Elsewhere, Aryzta is also facing a surge in butter prices and, again, the company is not alone in seeing that pressure.

However, there will be questions asked in the investment community about Aryzta’s inability to push its prices in North America up to the levels it had thought it could.

And two profit warnings in four months is hardly going to breed confidence in the company and the ability of its management to improve its performance. 

Moreover, in the face of the fresh profit warning, there is also some worry about Aryzta hitting its debt covenants. The company insists it will not breach the covenants and said on Thursday it does not need to sell its 49% stake in French frozen-food retailer Picard to avoid that scenario, although a disposal of those shares will go some way to improving investor confidence.

There is some disappointment Aryzta has yet to sell its interest in Picard, a shareholding acquired in 2015 and a move questioned by some in the investment community almost ever since.

Alain Oberhuber, a consumer goods analyst and CEO at MainFirst Schweiz, believes Picard is “unlikely to be sold at an acceptable price” in the company’s current fiscal year, which runs until the end of June.

“It looks like the divestment of Picard takes longer than expected and will occur later than fiscal year 2018. This was one of the key elements of our investment case,” Oberhuber said in a note to clients yesterday.

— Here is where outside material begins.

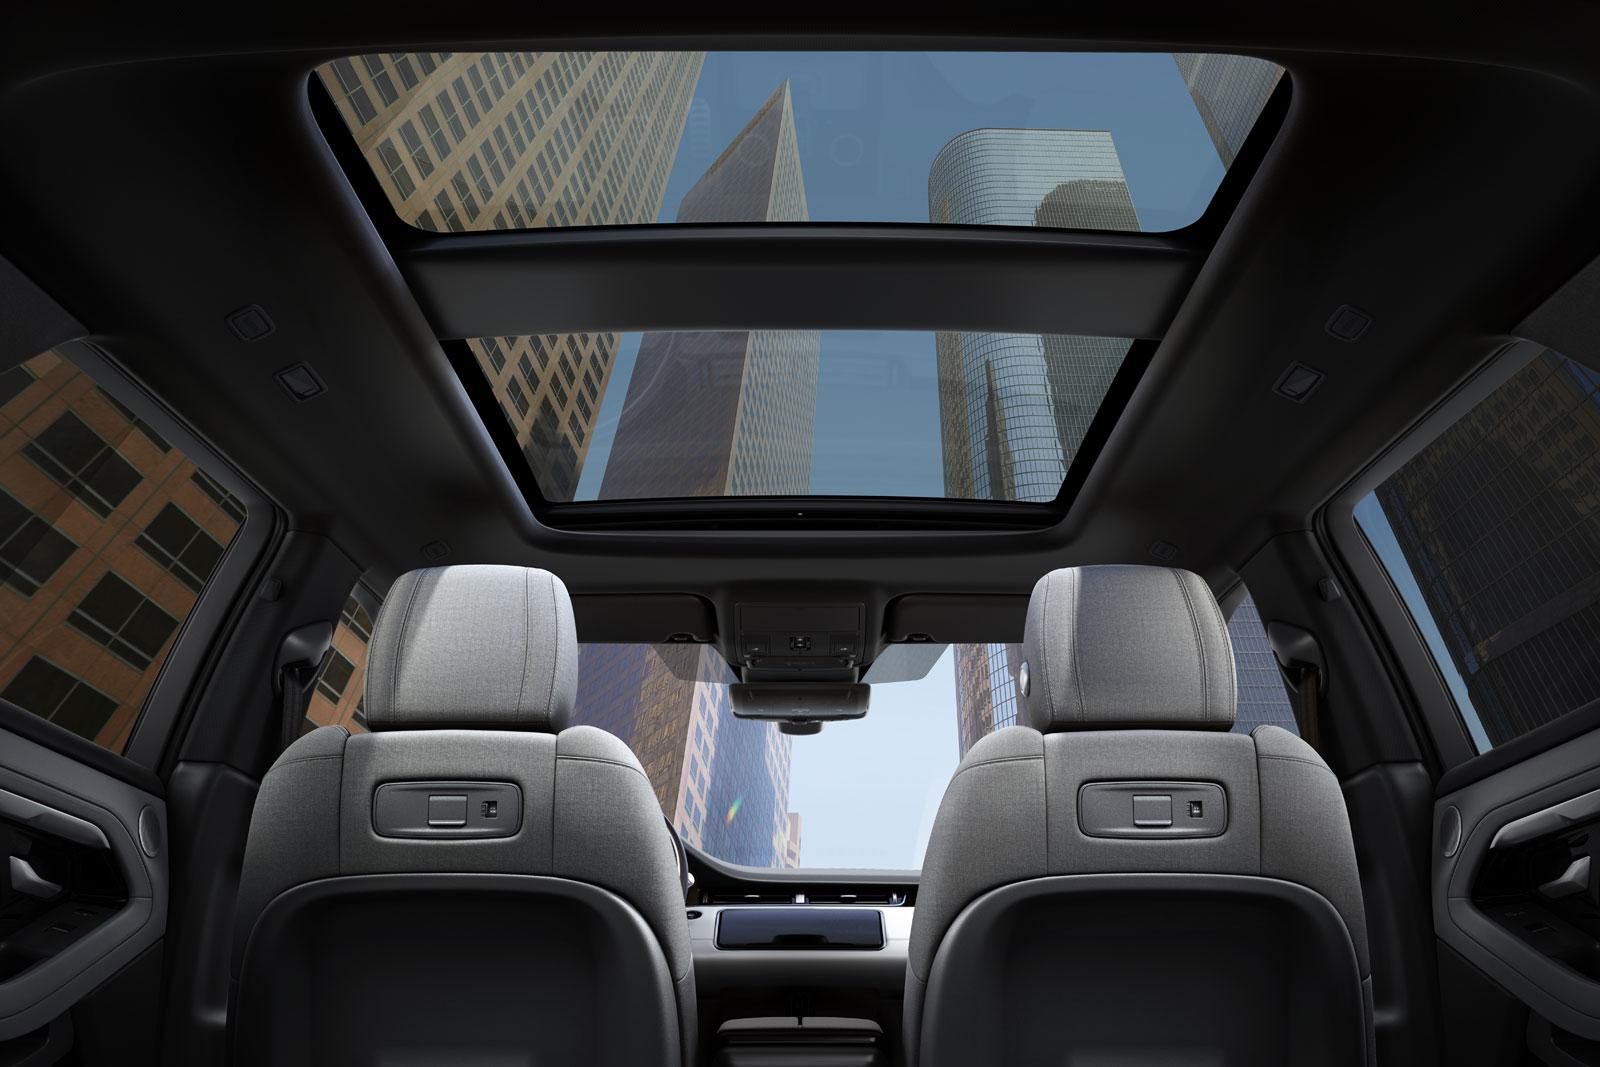 Range Rover Evoque Interior >> New Range Rover Evoque Interior Design Car Body Design
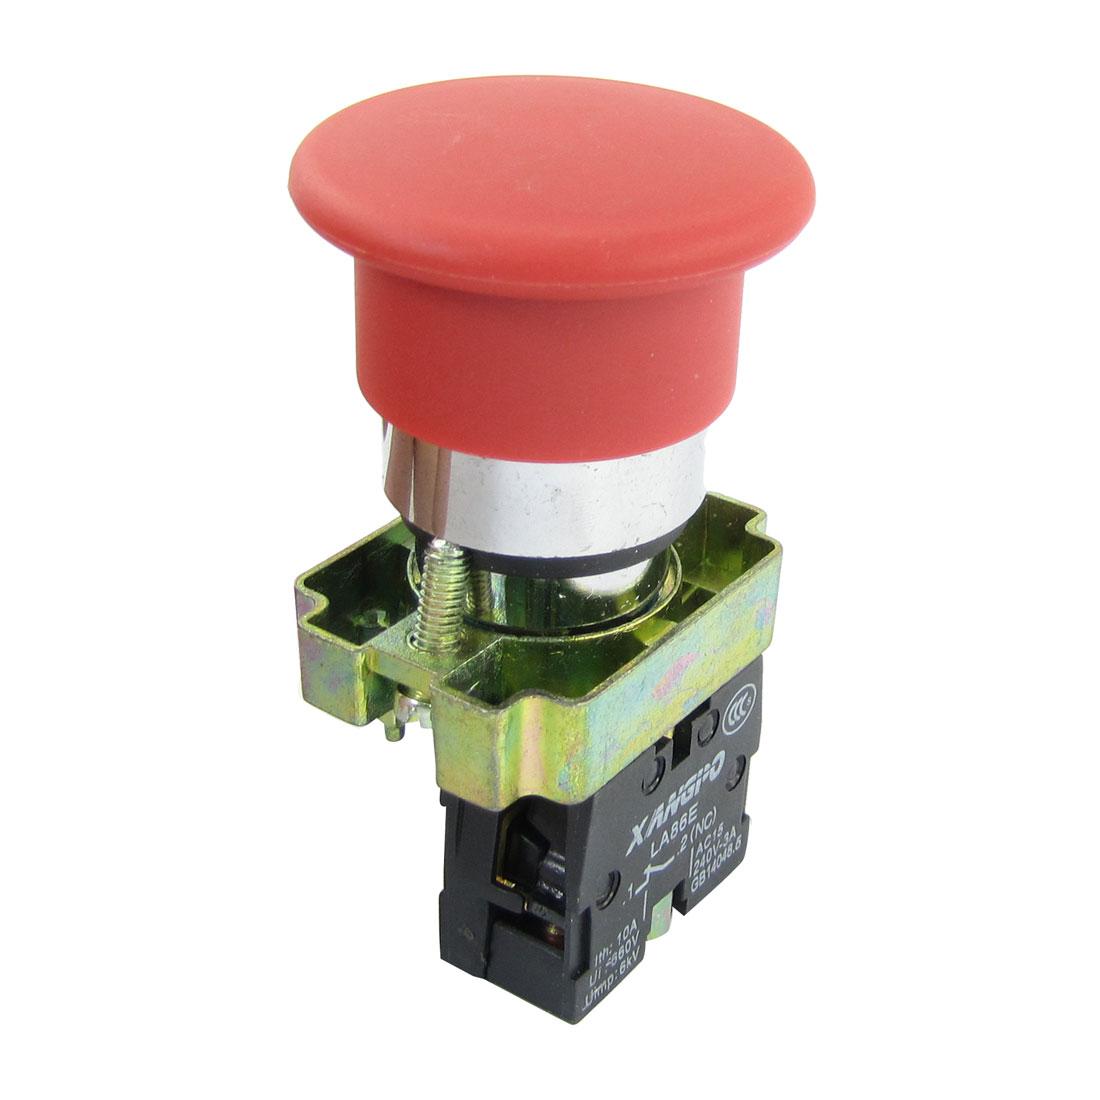 AC 240V 3A SPST Panel Mounting Self Lock Red Mushroom Head Push Botton Switch

He added: “In terms of the balance sheet, covenants for fiscal year 2018 will not be breached but fiscal year 2019 looks challenging to reach.”

And in a note to clients in the wake of Aryzta’s third-quarter trading update and fresh profit warning, Jon Cox, an analyst covering the company for French finance house Kepler Cheuvreux, said: “The reputation of the new management team, which had looked strong as it has been in place for less than 12 months, takes another hit with a second profit warning this year. Given the multiple uncertainties, we see the stock as uninvestable currently.”

This week’s surprise announcement from Aryzta has not wiped out investor confidence in Toland and his new management team. There is still some patience in the investment community. And the company has been buffeted by some industry-wide pressures.

However, Aryzta’s full-year results – and, more pertinently, Toland’s outlook for the company’s new financial year – will be scrutinised when the group next comes to the market in October.